### [Task details]
Scan the records beneath this line for the line holding "Украиночка с флагом" and the line holding "фитнес производительности танцы", then transcribe exactly those two and all lines between.

### [Input for this task]
------------------------------------------------------------------------
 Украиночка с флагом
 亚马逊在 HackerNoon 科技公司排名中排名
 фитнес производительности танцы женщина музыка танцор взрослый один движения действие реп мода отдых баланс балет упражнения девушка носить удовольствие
------------------------------------------------------------------------
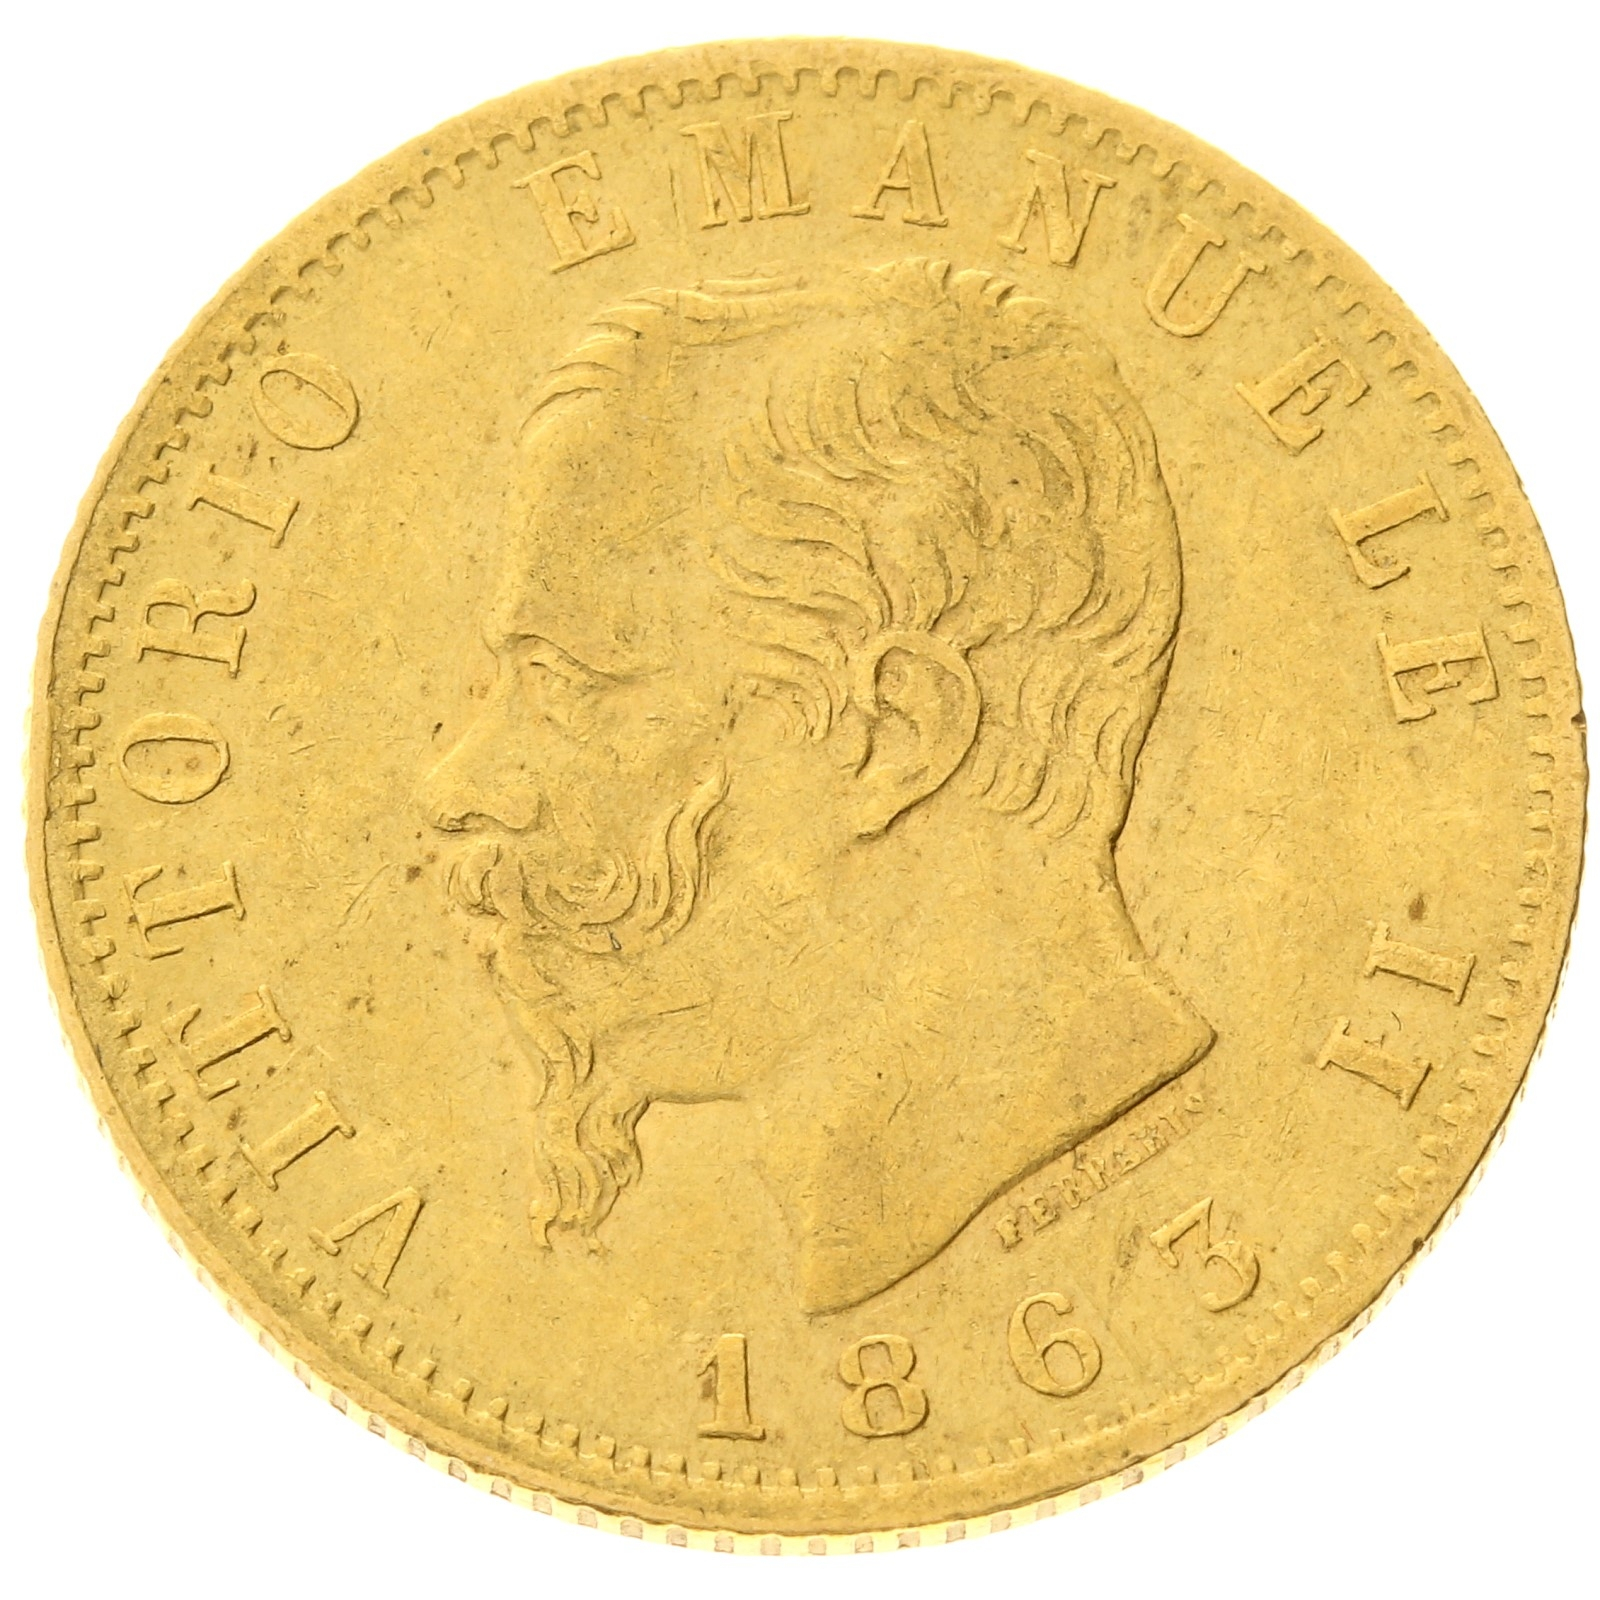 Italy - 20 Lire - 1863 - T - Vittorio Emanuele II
------------------------------------------------------------------------
### [Task answer]
 Украиночка с флагом
 亚马逊在 HackerNoon 科技公司排名中排名
 фитнес производительности танцы женщина музыка танцор взрослый один движения действие реп мода отдых баланс балет упражнения девушка носить удовольствие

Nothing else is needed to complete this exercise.